Her highly anticipated sophomore effort explores the relationship between mother and daughter—one an immigrant from Ghana, the other an assimilated neuroscientist—who are grappling with the exigencies of being both immigrants from Africa and Black in America. Those dual pressures of immigration and racism embodied in one person’s experience is one example of Crenshaw’s intersectionality.
The final talk of the fall semester, entitled “Living Liberation: Dialectical Practice and Micro-Revolutions,” was given by Dr. Sandra So Hee Chi Kim, who reflected on her roles as an academic and community organizer. Dr. Kim’s talk described how she has integrated her scholarly training into grassroots racial justice education and community-building.
After Dr. Kim’s lecture, Susannah Lee Kandikatti, a student at the University of Hawaii at Mānoa, was moved to write to Associate Dean Ayad. “There are many days,” she wrote, “when I feel hopeless about the state of our nation and the world, but Dr. Kim’s talk was truly reinvigorating knowing that the small steps we take together, although small, are important and significant.”
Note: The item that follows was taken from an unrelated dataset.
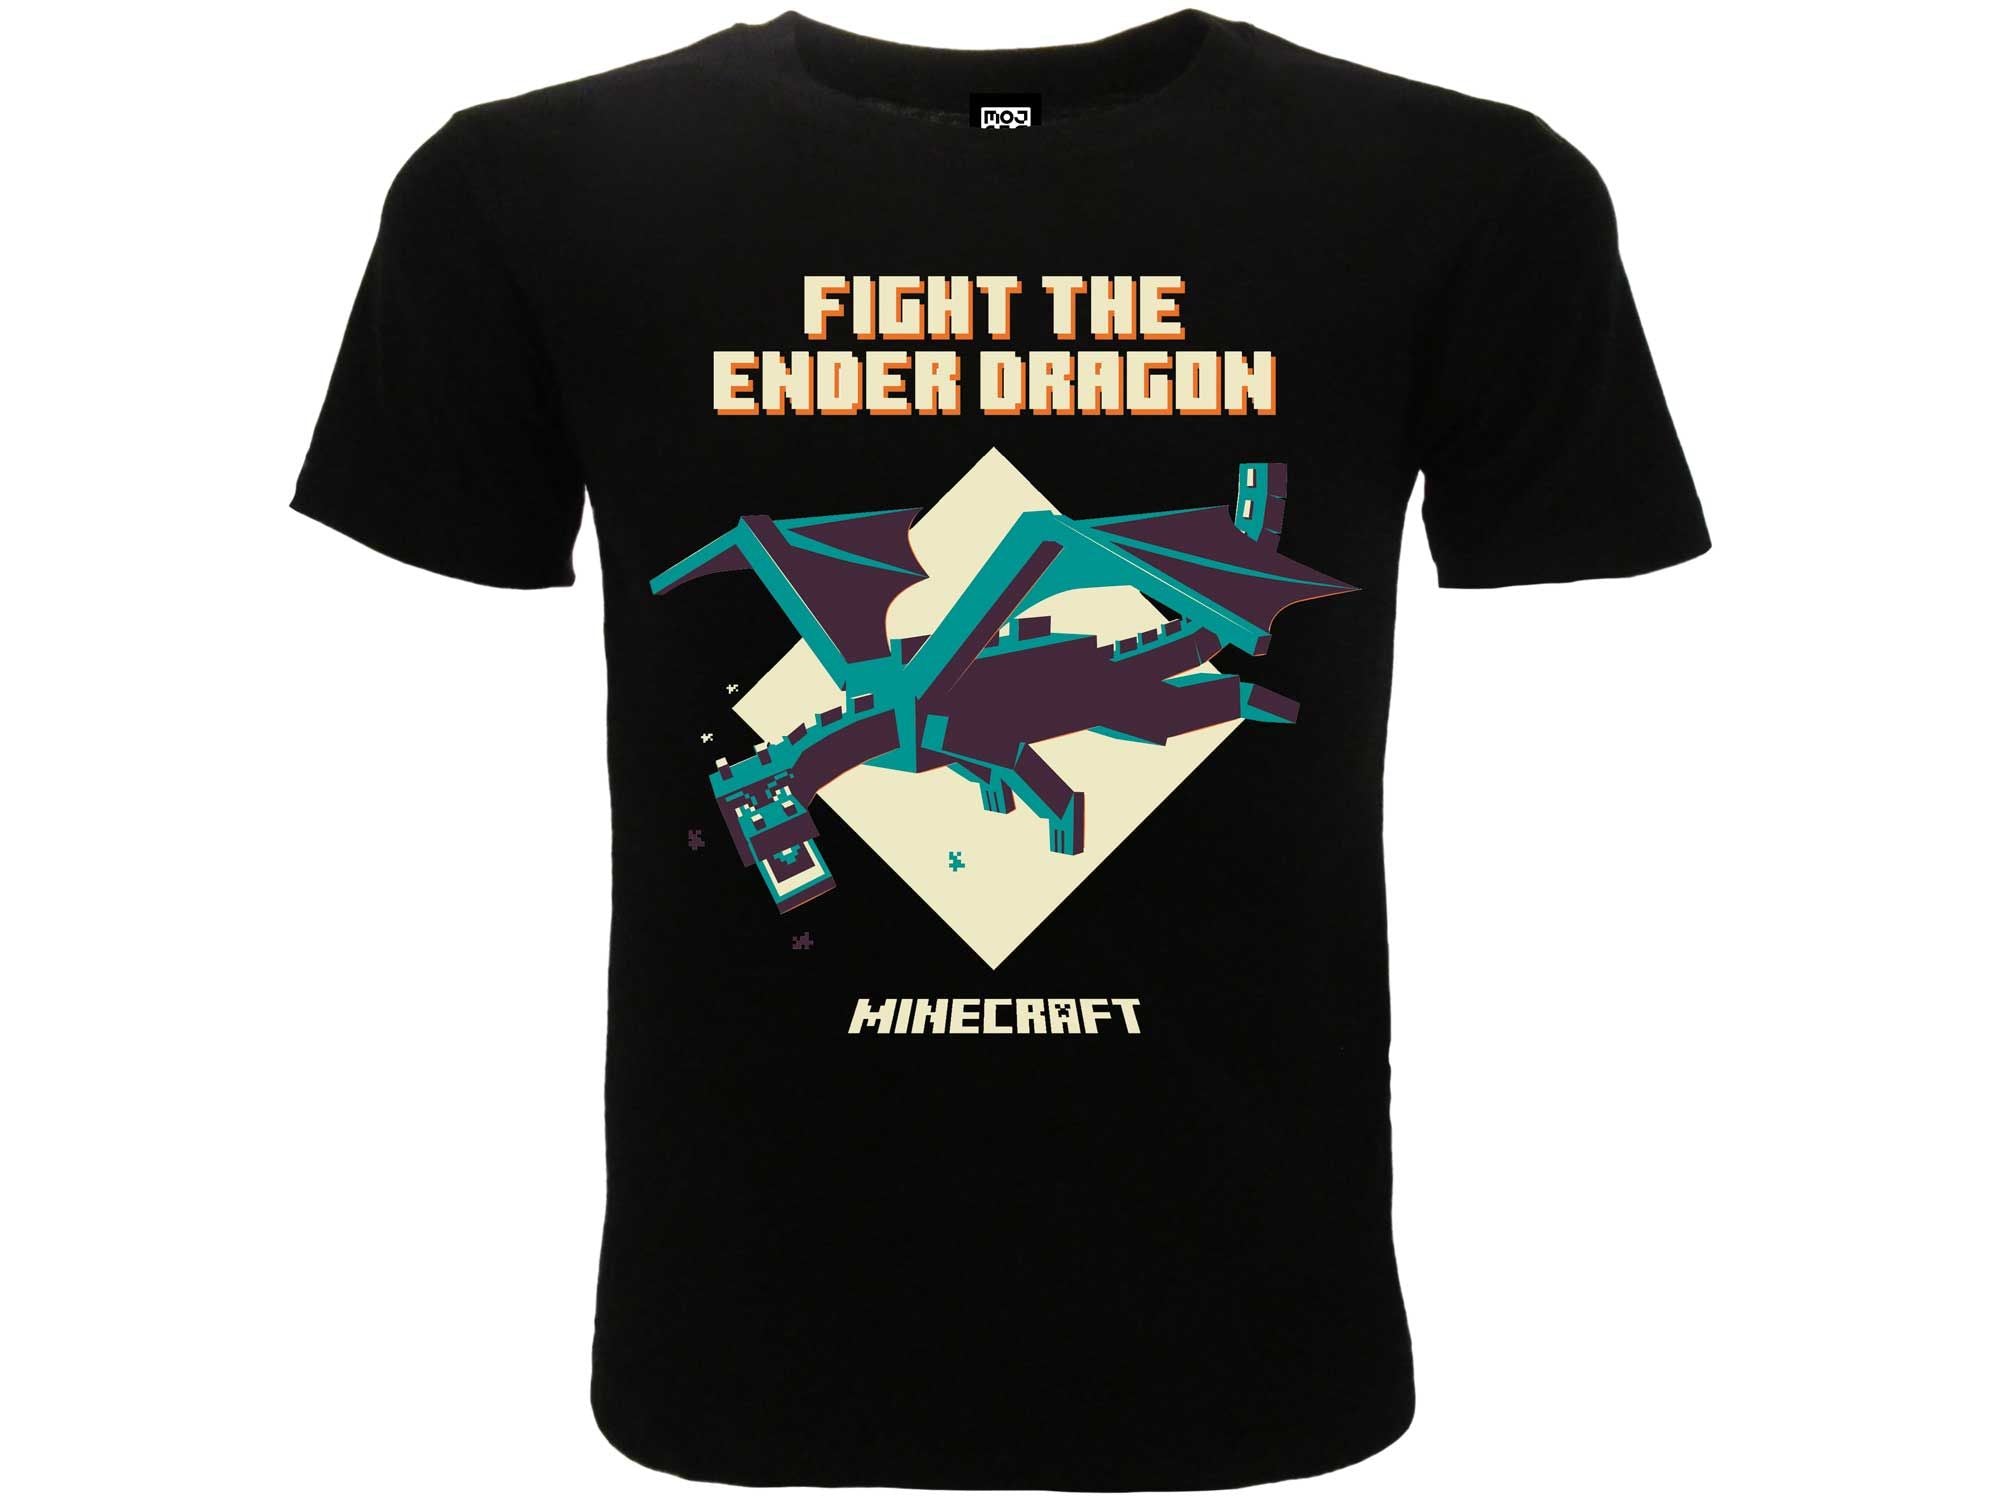 MINECRAFT - "Fight the ender dragon" T-shirt 9/11 anni nera - Disponibile in 2/3 giorni lavorativi GED

Brighton concurs: “Intersectionality allows us to have a broader mindset as we notice links and causes that might have not been immediately obvious before.” The result, he says, is “more accurate problem solving.”
The series, which continued in Spring 2021 with three more speakers, keeps exploring various issues using an intersectional lens. Associate Dean Ayad encourages all members of the Cooper community to join in on the conversation and to share suggestions for future speakers with her or Dean Chamberlin: “The process is very open and collaborative, and we would love your input.”